Dear LF,

 

I recently discovered that I had a misconception regarding the effective area of an earth antenna, which may be interesting to other experimenters as well. It seems that short earth antennas are much more efficient than I had intuitively anticipated.

 

For small electrode spacing, most of the current returns through the ground in the vicinity of the wire. My understanding was that the effective loop area would then look similar to the a half-circle beneath the baseline, as depicted by the red area in the sketch. This means that for small baselines, effective loop area would scale quadratically with baseline length. This would hold until the baseline is made so long that penetration becomes limited by skin effect in the ground, and one enters a regime of linear scaling of area vs length.

 

Then I tried to calculate the magnetic moment for the non-skin effect case based on DC current densities in homogeneous halfspace. The curent field is similar to the electrical nearfield of a dipole. Integrating depth-weighted current densities over the halfspace volume should then give the total magnetic moment. But this integral did not converge to an asymptotic limit, but appeared to grow monotonically with integration volume. This implies an infinite effective depth of a DC ground loop!

 

At first I looked for an error in the integral calculations, but then I noticed that the divergence can be explained by a simple scaling argument along the following lines. At a distance r from the dipole (current Iq times length l), current density J in the ground scales as
 J(r) ~ Iq l r^-3.
A large half-shell (green) around the dipole has a perimeter pi r around its equator, so there the total current would be
 I(r) ~ Iq l r^-2 dr
The contribution to the magnetic moment of the shell is proportional to its broadside area A ~ r^2, which gives
 dM(r) = I A ~ Iq l dr ~ constant.
This means that each additional shell will add the same amount of magnetic moment, and the total moment would indeed grow to infinity if r is not bounded by skin effect. Even though the outer fieldlines (blue) carry only a small part of the current, due to their large cross section they still contribute significantly to the loop area.

 

This reasoning also falls in line with a much easier analysis for the receive case. Vertically polarized groundwaves have transverse magnetic fields, which must be bounded by radial ground currents (ie in the direction of wave propagation).

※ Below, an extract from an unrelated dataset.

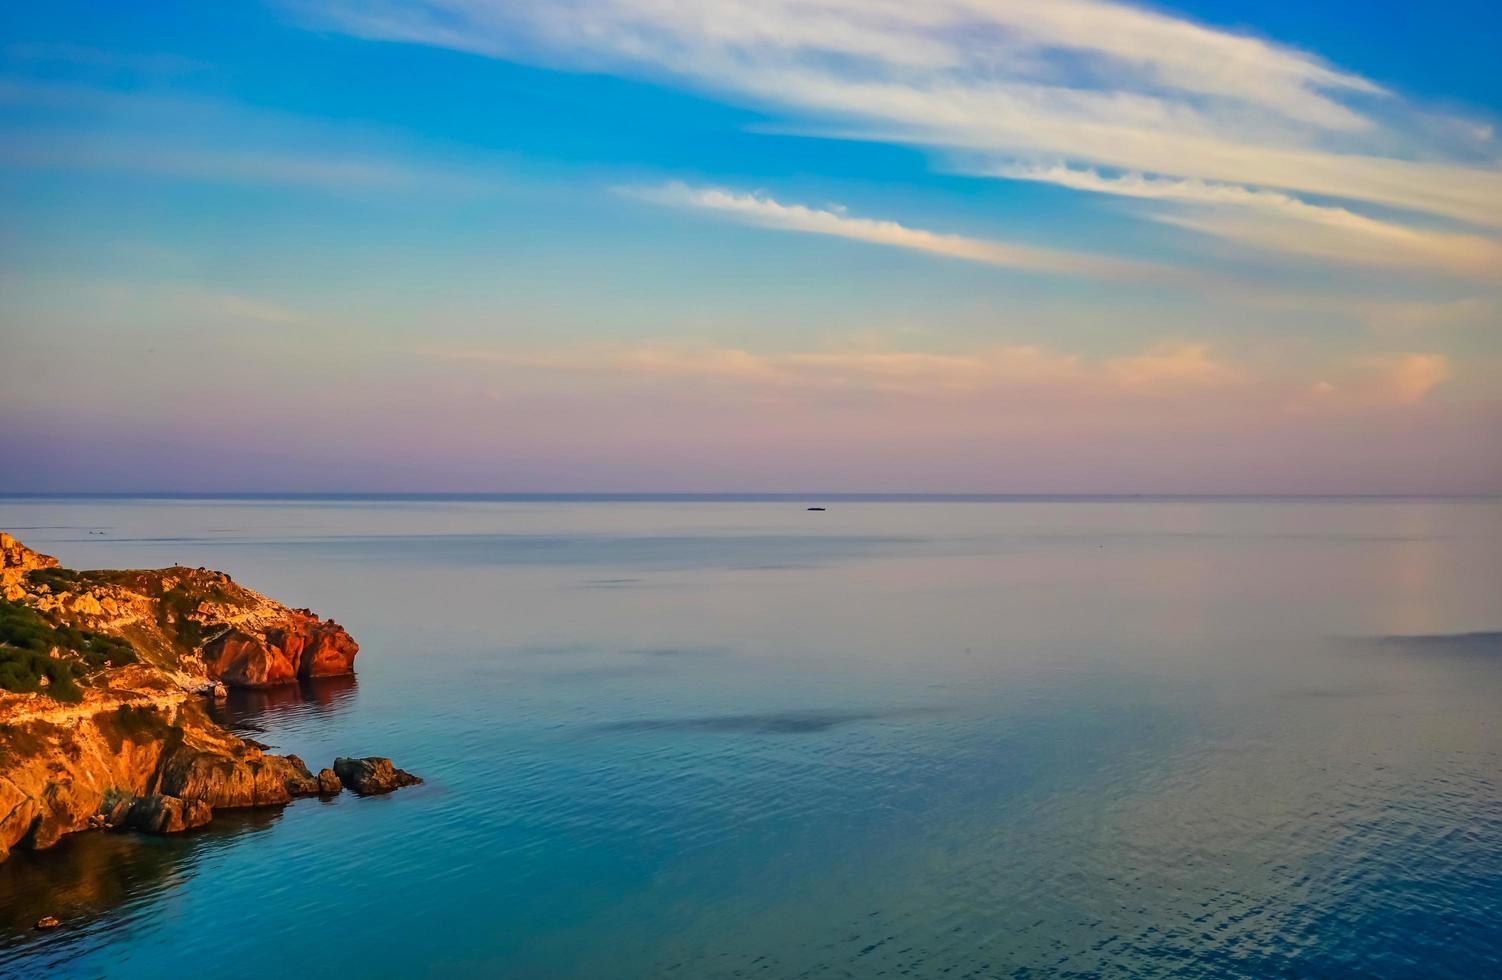 paesaggio marino di una costa rocciosa da un corpo d'acqua con un colorato cielo nuvoloso foto

The finite surface resistance of the ground creates an additional radial electric field, which can simply be tapped  by the electrode baseline. The induced voltage (and thus effective loop area) will depend linearly on the baseline length, no matter how short it is. Solving the equations for equivalent depth is straightforward and gives

 d_eff = (omega mu0 conductivity)^-0.5 = skindepth / sqrt(2) .

 

For a crude experimental test, I took a battery operated notebook to the garden, stuck the two leads of the soundcard input into the soil, and measured the induced voltage from the DHO signal. When going from 1.5 m to 3 m electrode spacing, it went up by 6 dB (and not 12 dB), showing that pickup area scaled linearly and not quadratically with baseline.

 

Kind regards,
Markus (DF6NM)